Se cumplen este año el ochenta aniversario de una de las películas más exitosas en la historia de los Oscar: Going My Way (Siguiendo mi camino, 1944) dirigida por Leo McCarey y protagonizada por el cantante Bing Crosby, y un actor secundario, robaescenas de lujo, Barry Fitzgerald. Cuando el director planteó su proyecto a la Paramount, sonó de lo más disparatado: una historia de dos curas, uno joven y otro chapado a la antigua, que en lugar de mantener un conflicto irreconciliable acaban entendiéndose y valorándose. Eso debía estar llamado al fracaso más previsible. Millones de espectadores que la vieron con entusiasmo, siete Oscar, una secuela declarada de idéntico éxito (Las campanas de Santa María)... desmintieron de una manera apabullante ese prejuicio.
John Ford, unos veinte años después, recordaba en una entrevista con Pete Martin que Siguiendo mi camino llenaba las salas de cine los mismos días que él estuvo filmando el desembarco de Normandía. Y con la libertad de juicio que con frecuencia encontramos en los verdaderos artistas, Ford veía un claro paralelismo. La película de Bing Crosby y McCarey invitaba a seguir el propio camino, la vocación hacia el bien para construcción de la comunidad. Miles de jóvenes americanos en Normandía expusieron su vida y con frecuencia la perdieron para que Europa pudiera ser un territorio de libertad, arrancado de las garras de Hitler, con el mismo sentido de estar respondiendo a su camino.
Lo que McCarey y Ford sabían y continuamente lo plasmaban en las historias que contaban es tan sencillo de exponer como fácil de olvidar e, incluso, de ironizar sobre ello: que la vida de las personas es un servicio que sólo se llena de sentido cuando entendemos lo que debemos hacer por los demás. Los curas de Siguiendo mi camino eran personas bastante comunes, con sus debilidades, pero con un vector vital claramente reconocible: vivían para los demás, olvidados de sí. La cotidianidad de los soldados que John Ford retrataba en películas sobre la segunda Gran Guerra —prolongadas metafóricamente en sus cinta sobre la caballería americana— era la de jóvenes que habían entendido el sentido de sacrificarse por su comunidad y por un estilo de vida en libertad, igualdad y búsqueda de la felicidad, gozosos de entregarse de este modo.

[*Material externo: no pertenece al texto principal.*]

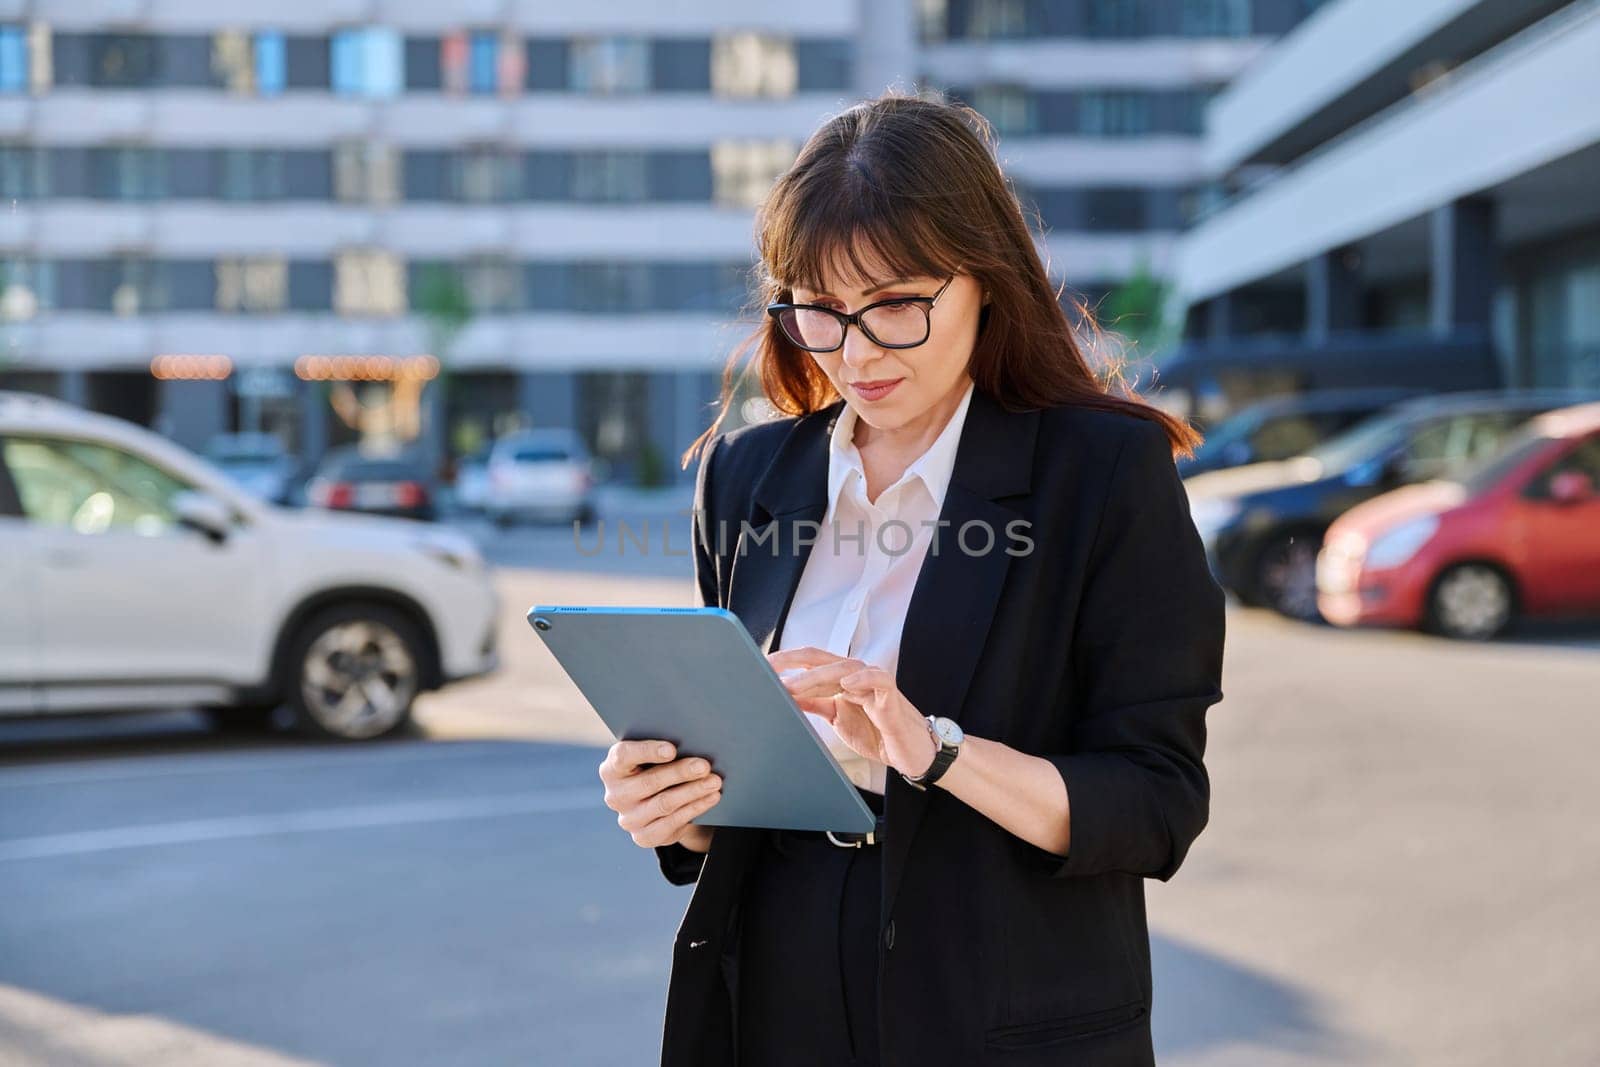 Mature woman manager agent using digital tablet for work, city background by VH-studio

Porque si el despertar fuera algo unido a una genuina experiencia humana de libertad —y no a un adoctrinamiento unilateral— películas como Going May Way deberían ser reivindicadas en clave de algo nuevo. Nada más peligroso en nuestros días que educar a las personas —no sólo a los jóvenes— al margen completamente del sentido de la búsqueda de su propia vocación, de su capacidad de servicio hacia los demás. Nada más decepcionante que la mejora moral de un pueblo o de una sociedad se diluya en consignas abstractas, tan fáciles de repetir como carentes de auténtica sabiduría humana. El personaje de Bing Crosby, por el contrario, recuerda cosas esenciales para que podamos vivir con verdadera humanidad: la humildad como antídoto de un mirar autorreferencial que pierde el sentido de los otros y, por tanto, del amor concreto a las personas que salen a nuestro paso; el buen gusto y los nobles sentimientos como acompañantes imprescindibles de la moral para que nuestra vida este unificada y no hagamos lo contrario de lo que decimos; la castidad —sí, la capacidad de dar un sentido a nuestra sexualidad desde la contención y el respeto a nosotros mismo y a los otros— como la piedra de toque para que no instrumentalicemos a los demás, especialmente el cuerpo de las mujeres, para nuestra propia satisfacción. En definitiva, que la alegría y el buen humor cambian a las personas, y eso tiene una matriz revolucionaria mucho más potente que la amargura, la fealdad y el derrotismo con la que con frecuencia presenta sus credenciales cierto pensamiento que se tiene por crítico.
A los ochenta años de Siguiendo mi Camino, McCarey, como Ford y como Capra, continúa interpelando desde su personalismo fílmico —un cine que no aparta su mirada de la dignidad de las personas concretas de carne y hueso— para que salgamos de esa adolescencia colectiva que nos amenaza. en la que mandan los listillos que creen que la pregunta por el bien es una tontería infantil que debemos superar. Corruptos, explotadores, embaucadores y tiranos de todos los pelajes se frotan las manos con esa manera de pensar, que los deja tan a sus anchas. El mejor cine puede rescatarnos una vez más.
José Alfredo Peris Cancio es profesor de la Facultad de Filosofía, Letras y Humanidades de la Universidad Católica de Valencia.